Плотно, в обнимку с трубами, шли бравые духачи, как будто несли бубнивые букеты музыки. От медных ударов тарелок носились как попало три голодных голубя. Потом голубей стали выпускать пачками, густо, они трепыхались над колоннами столбовой мошкарой, прежде чем сдунуться в сторону. Демонстранты задирали головы, забывшись, смотрели на них как на трепетливенькие свои надежды, мечты, но сзади напирали другие люди, толкал в спину оркестр, и приходилось уже поторапливаться, спотыкаясь бежать, стараться снова взять шаг.
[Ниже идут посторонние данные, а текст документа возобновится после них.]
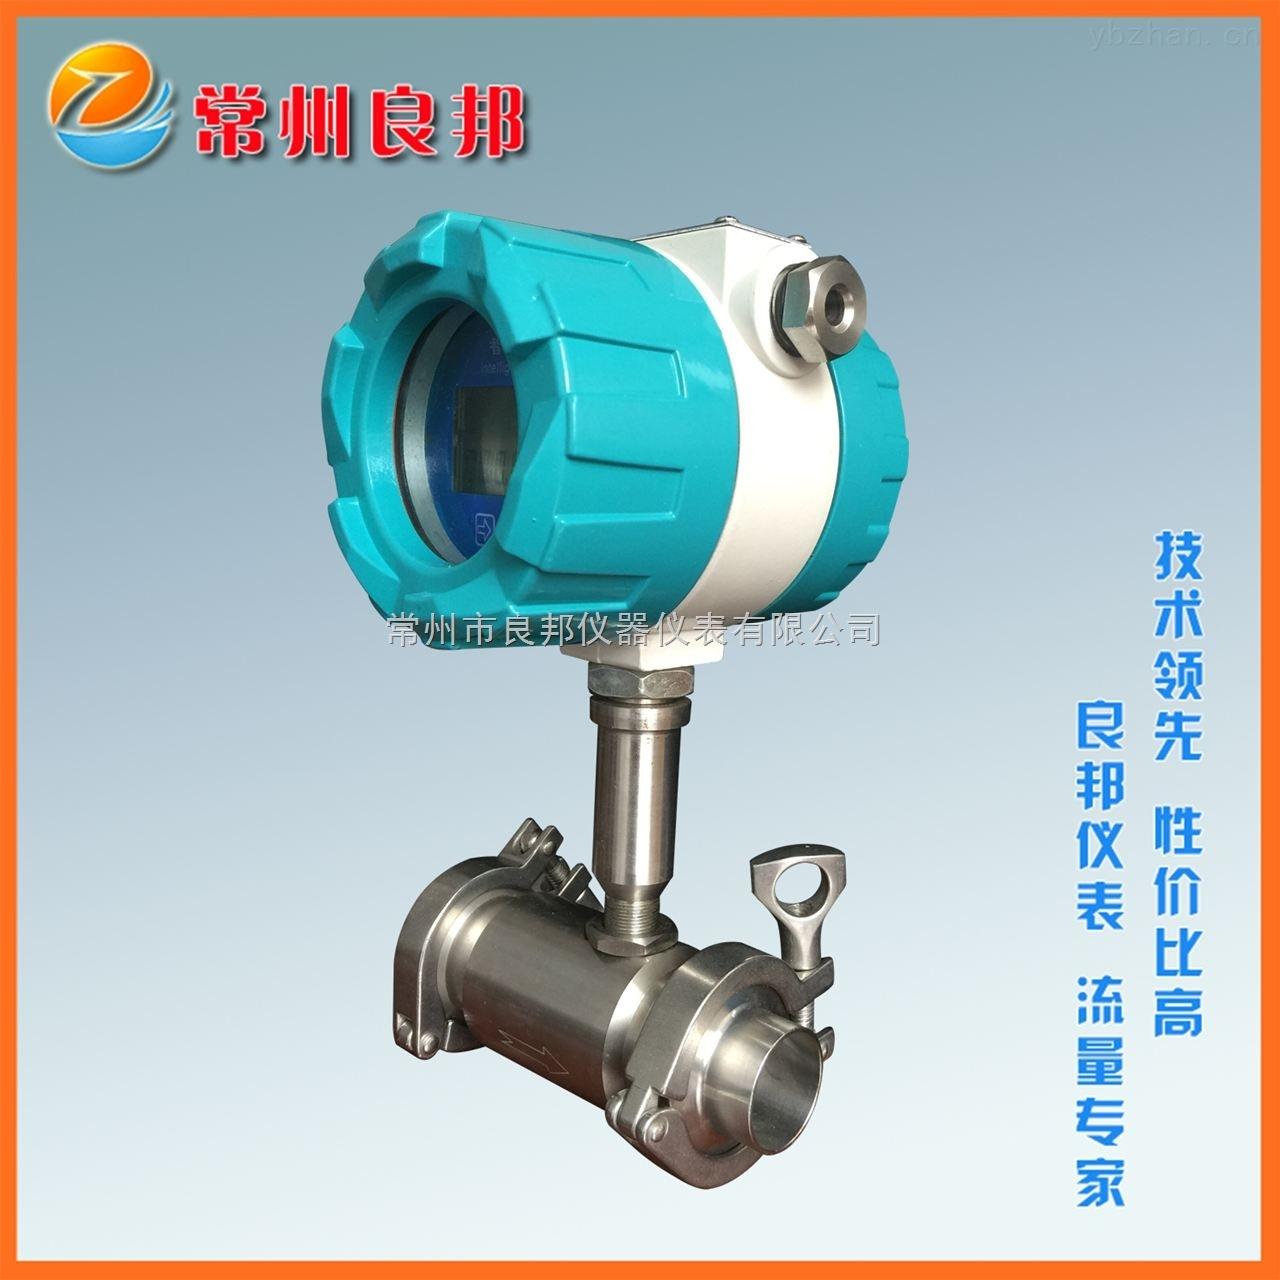 LWGY-50-液体涡轮流量计 24V供电电信号输出 叶轮经久耐用 测量精度高数字显示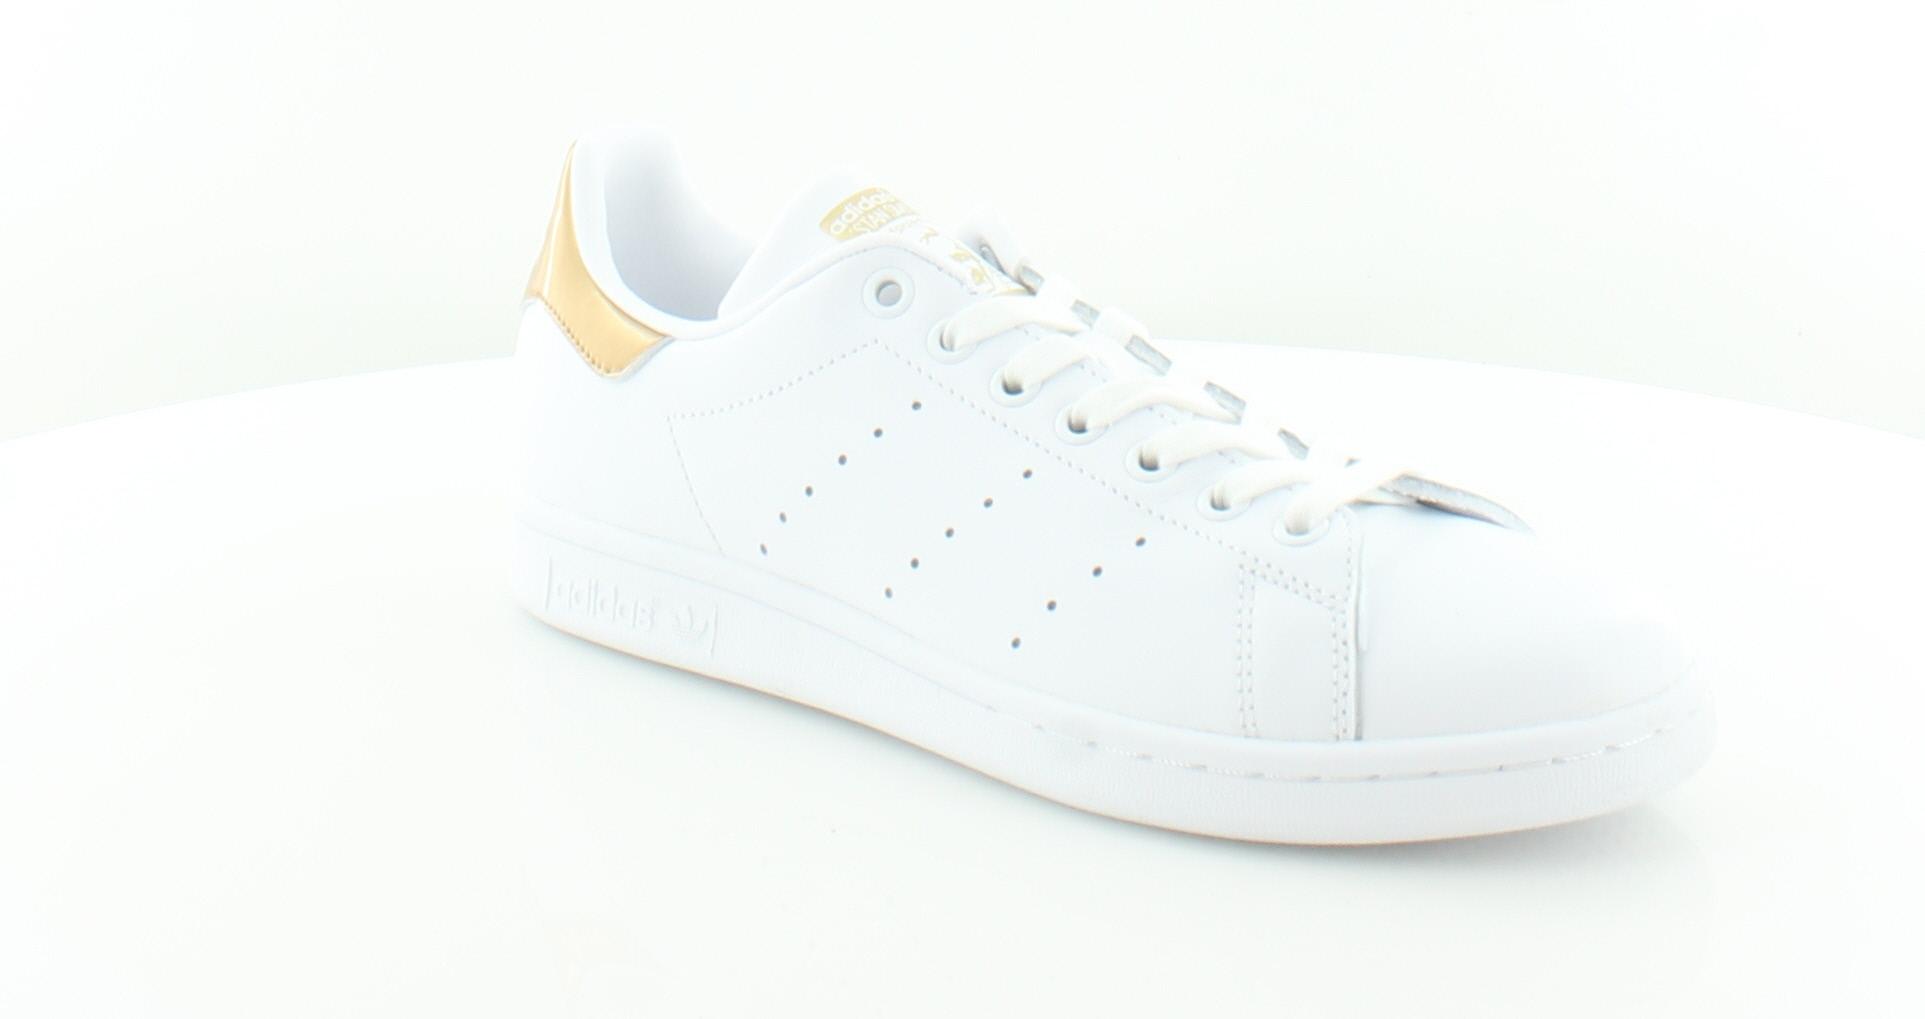 ec5ba1044 Adidas New Stan Smith White Womens Shoes Size 11 M Fashion Sneakers ...

Знаменитый хор Кожевенного завода шёл. Но почему-то молча. Точно прямо с концерта, даже не переодевшись. Женщины несли длинные платья в пальцах, опасаясь массового своего падения. Мужчины же, двигаясь, поигрывали плечиками. В лоснящихся рубахах зелёного и красного цвета, все вольные и крепкие, как кулачные бойцы. Дирижёр казался на голову выше всех. Он опять осклабился Силкину, весь в зубах меридианный. Тут же два казаха в лисьих малахаях неимовернейше строчили на домбрах. Домбрами вели красавицу девушку, головка которой в шапке с метёлками напоминаламаленький проплывающий султанат. И, точно охраняя его, сумрачно колыхались казахи-борцы. Приземистые все. Бритоголовые. Как курганы.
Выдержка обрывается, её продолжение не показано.